Stored items from a collection:

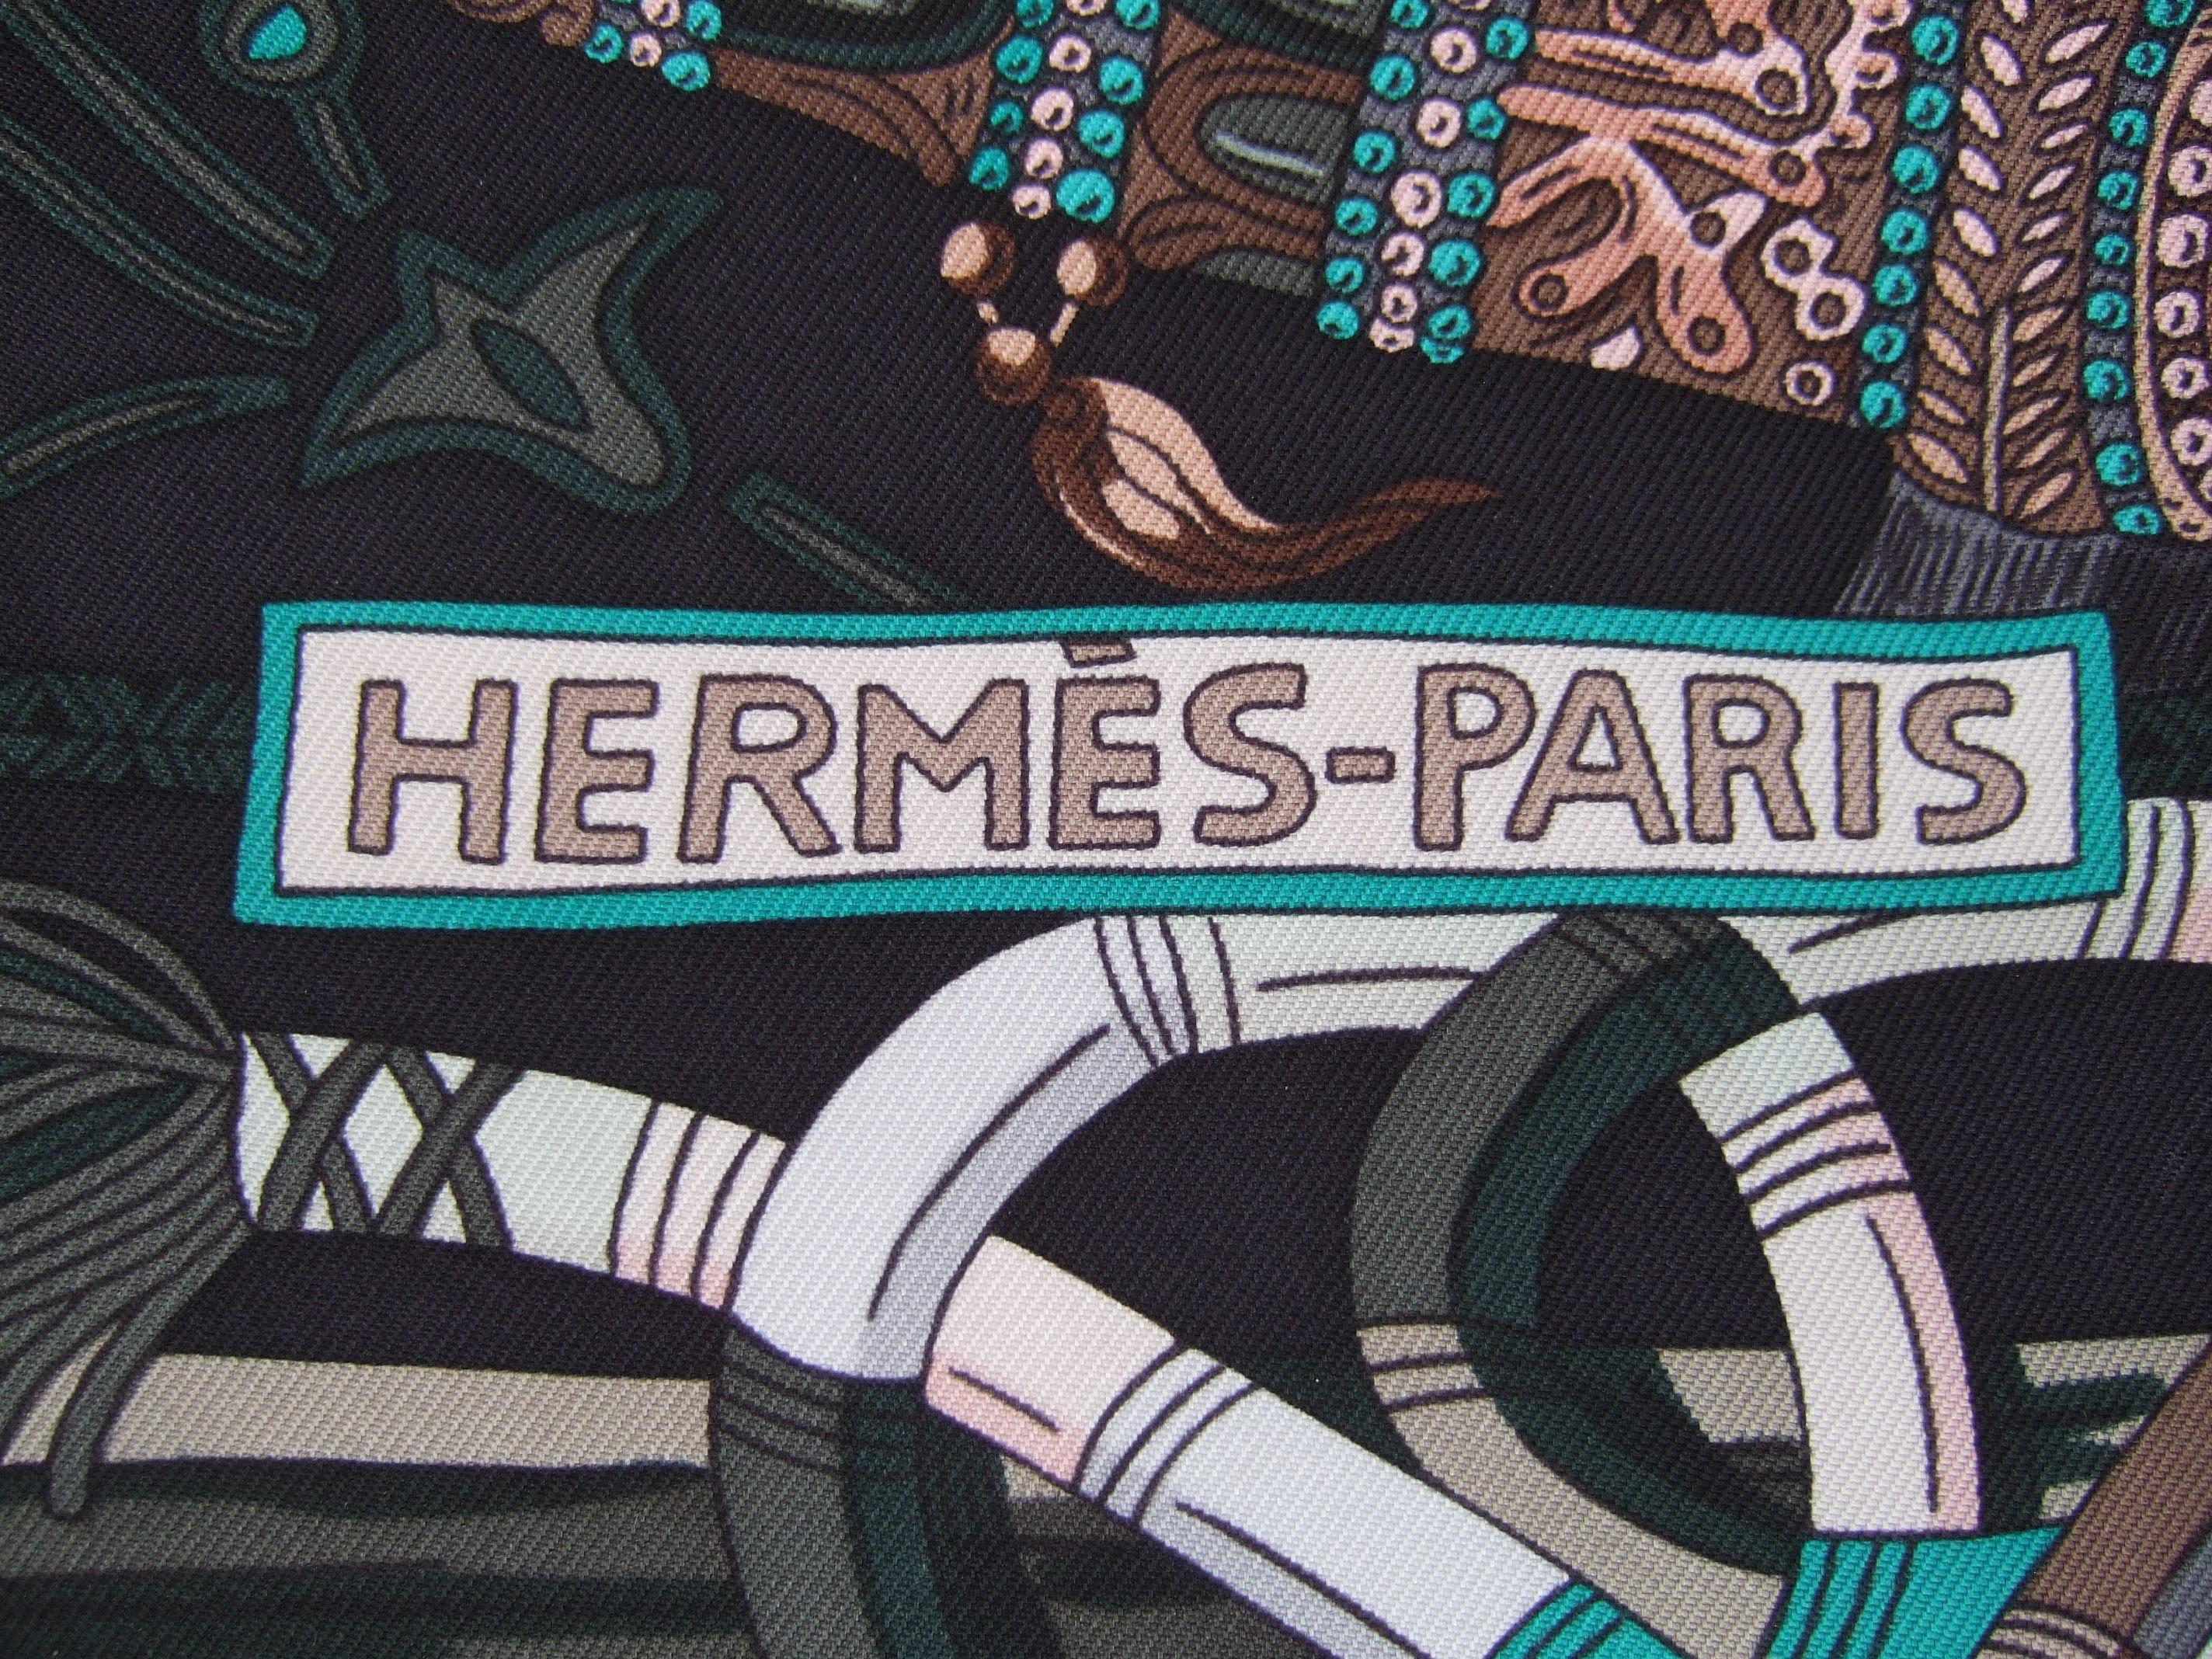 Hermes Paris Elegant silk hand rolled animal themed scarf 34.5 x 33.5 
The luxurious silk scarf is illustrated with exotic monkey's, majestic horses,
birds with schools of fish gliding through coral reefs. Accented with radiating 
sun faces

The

** Work task **
The entries are to be reproduced exactly, excluding any pictures they contain.

** Response area **
 Hermes Paris Elegant silk hand rolled animal themed scarf 34.5 x 33.5 
The luxurious silk scarf is illustrated with exotic monkey's, majestic horses,
birds with schools of fish gliding through coral reefs. Accented with radiating 
sun faces

The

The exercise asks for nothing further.